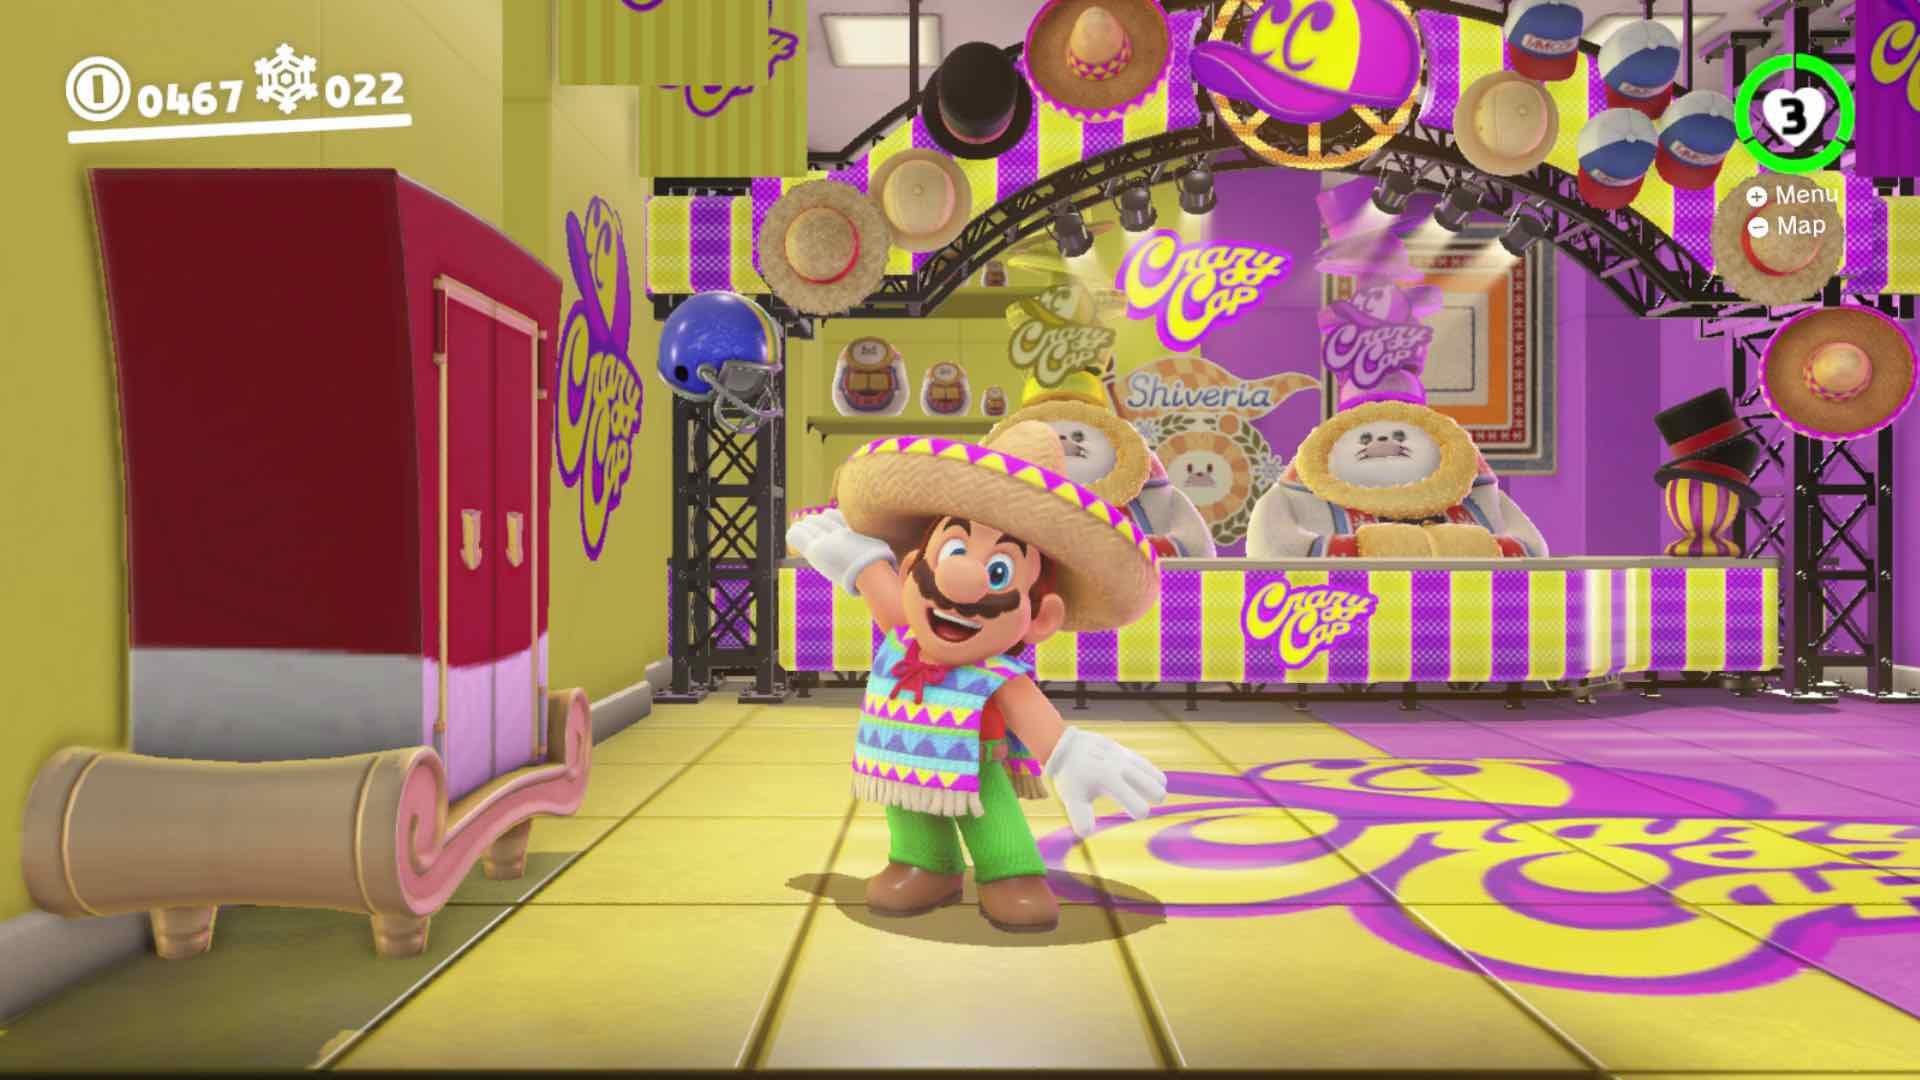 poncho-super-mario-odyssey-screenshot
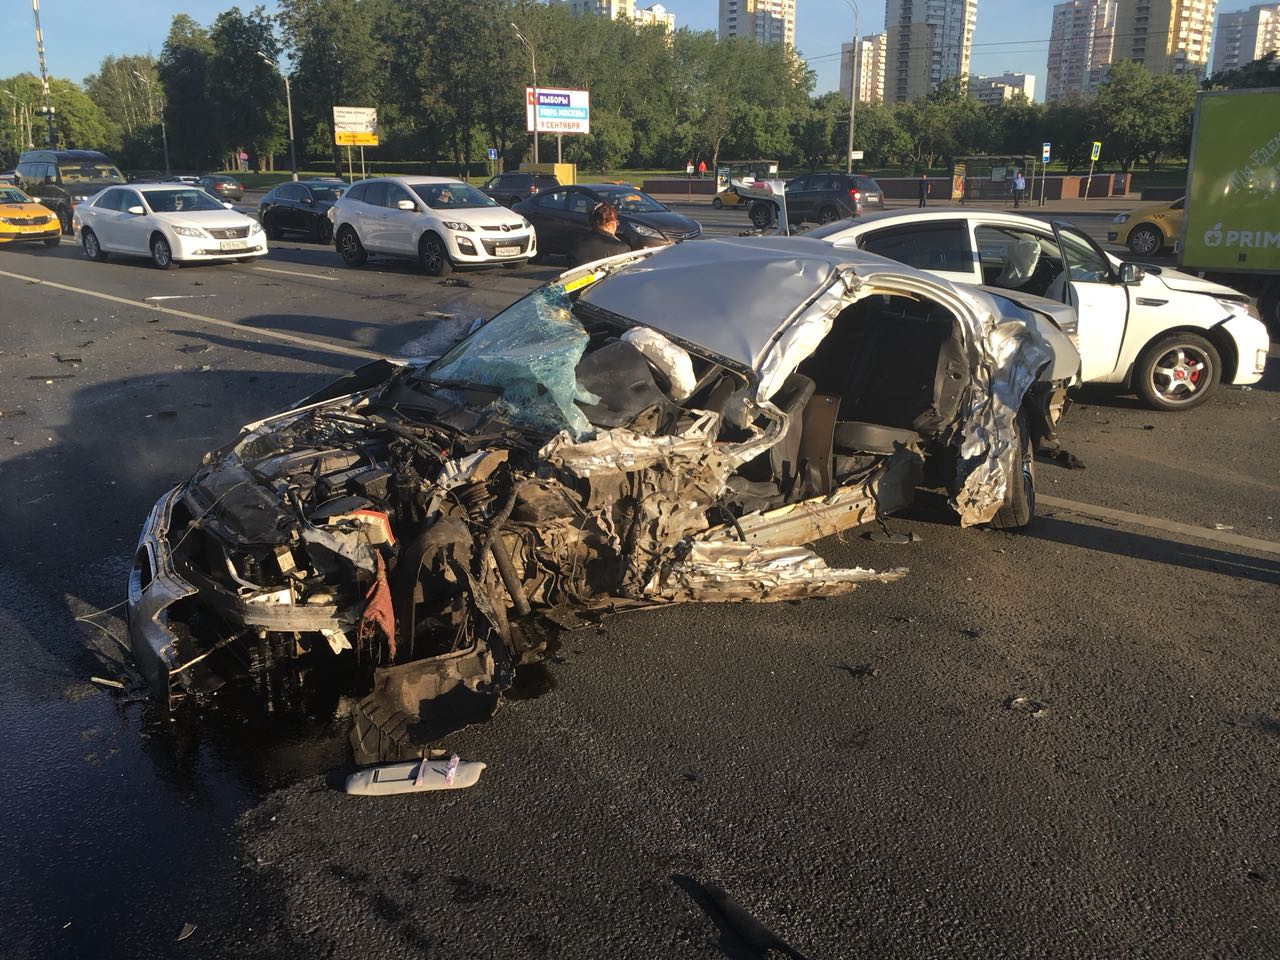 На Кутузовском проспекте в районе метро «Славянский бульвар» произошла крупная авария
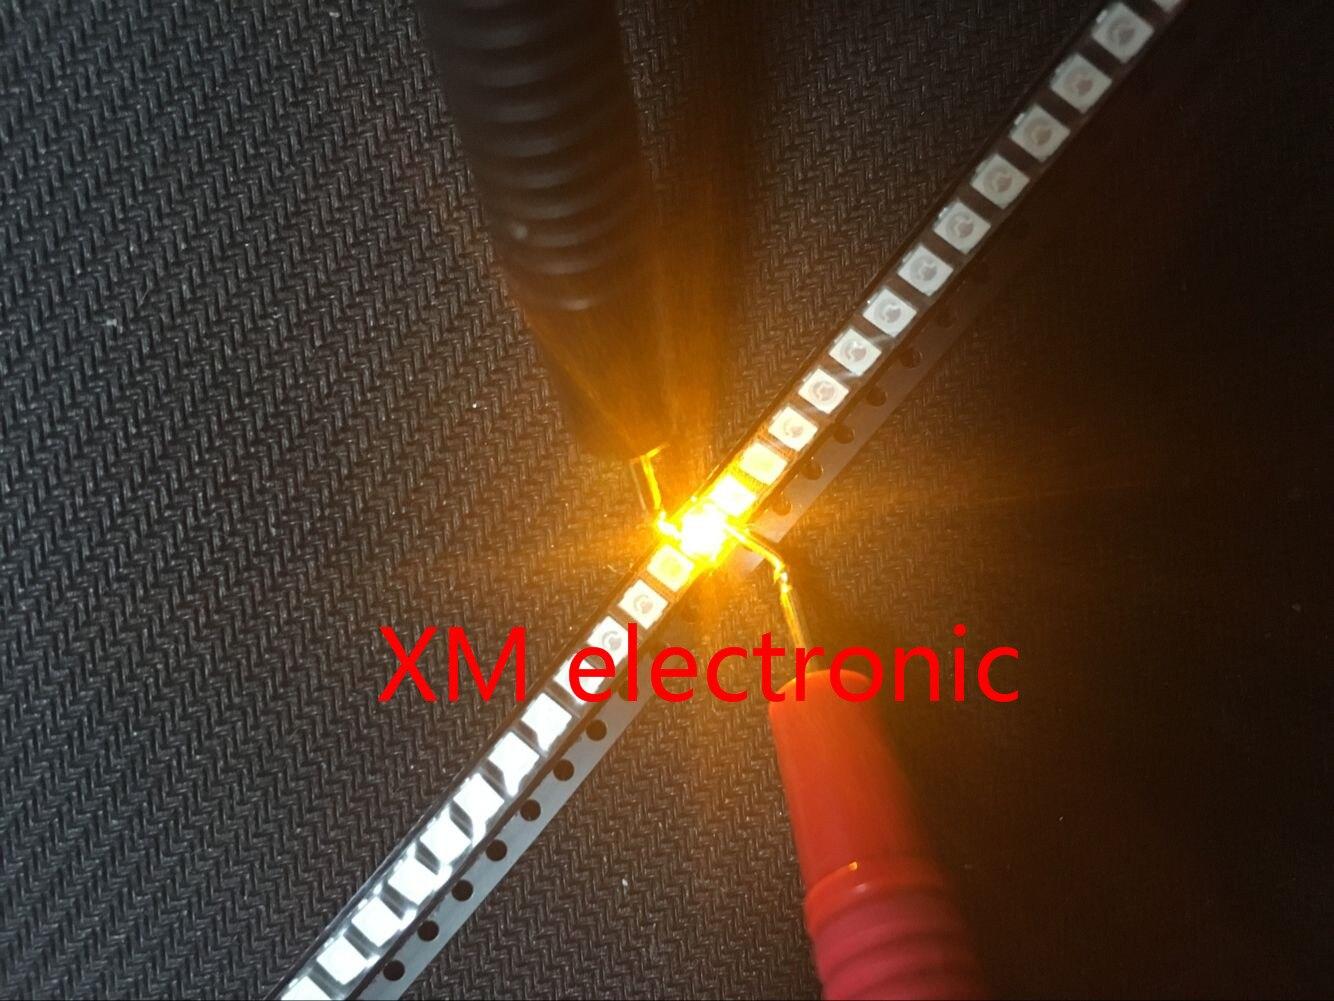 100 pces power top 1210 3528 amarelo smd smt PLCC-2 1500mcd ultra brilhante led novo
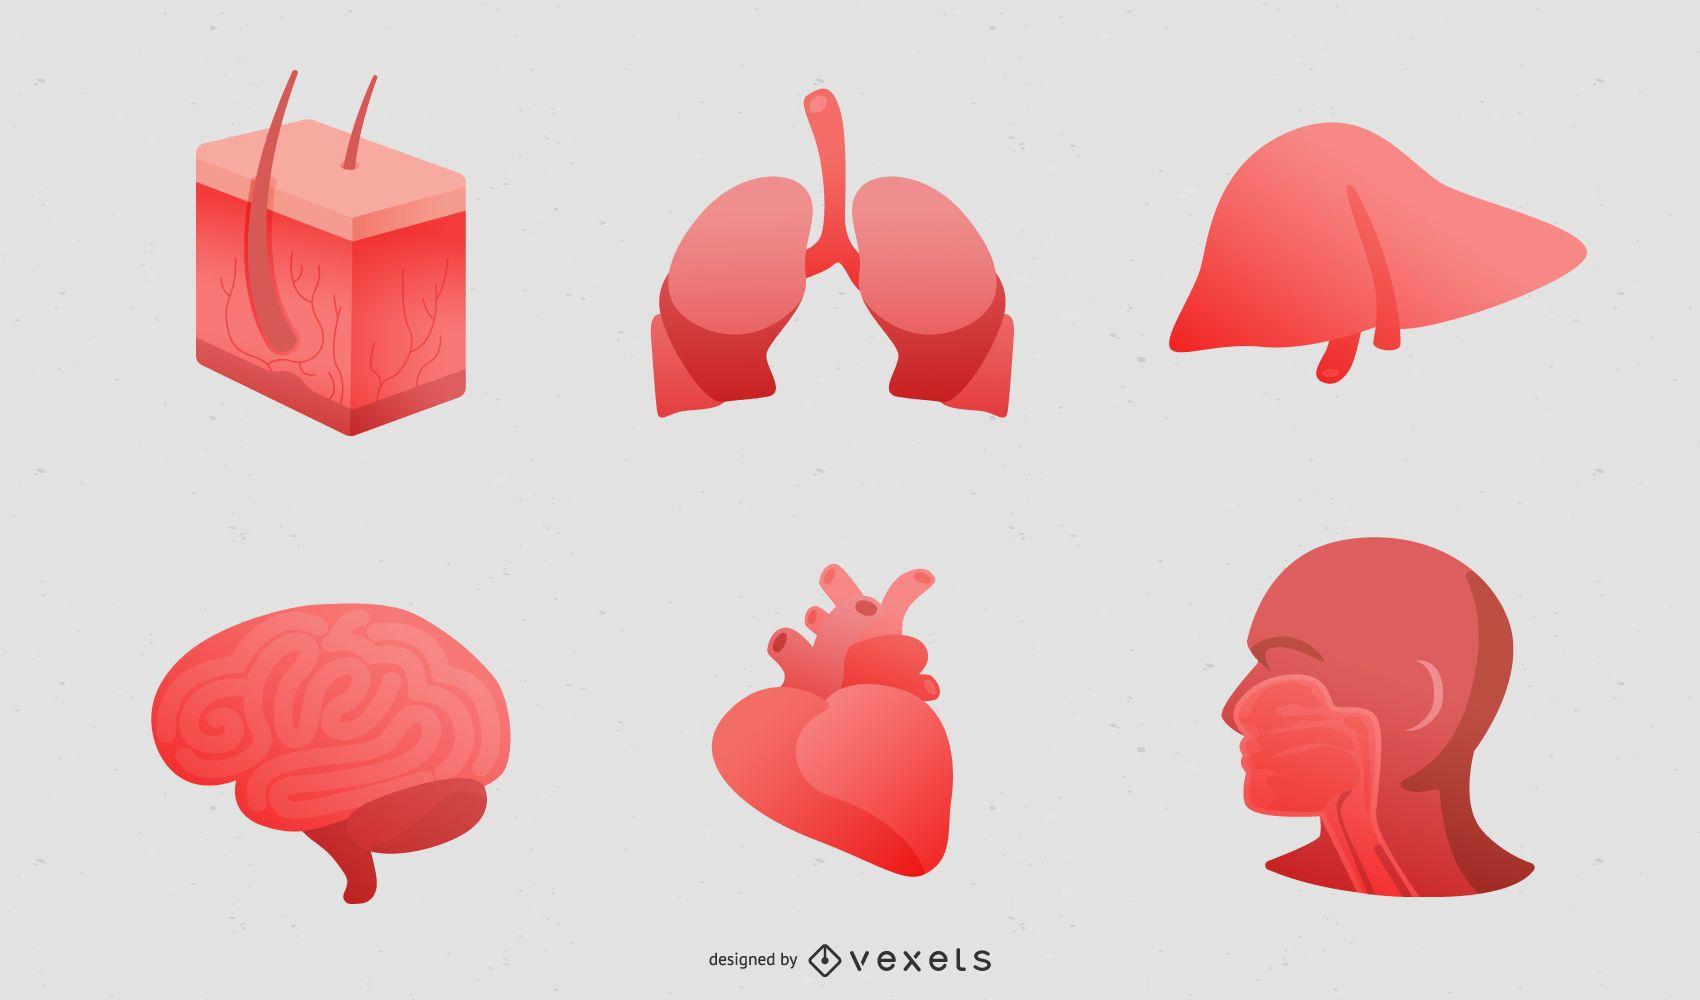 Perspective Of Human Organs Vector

--- --- ---

**TASK BRIEF**
Leaving out the pictures, repeat the data above exactly.

**TASK RESULT**
 poncho-super-mario-odyssey-screenshot
 На Кутузовском проспекте в районе метро «Славянский бульвар» произошла крупная авария
 100 pces power top 1210 3528 amarelo smd smt PLCC-2 1500mcd ultra brilhante led novo
 Perspective Of Human Organs Vector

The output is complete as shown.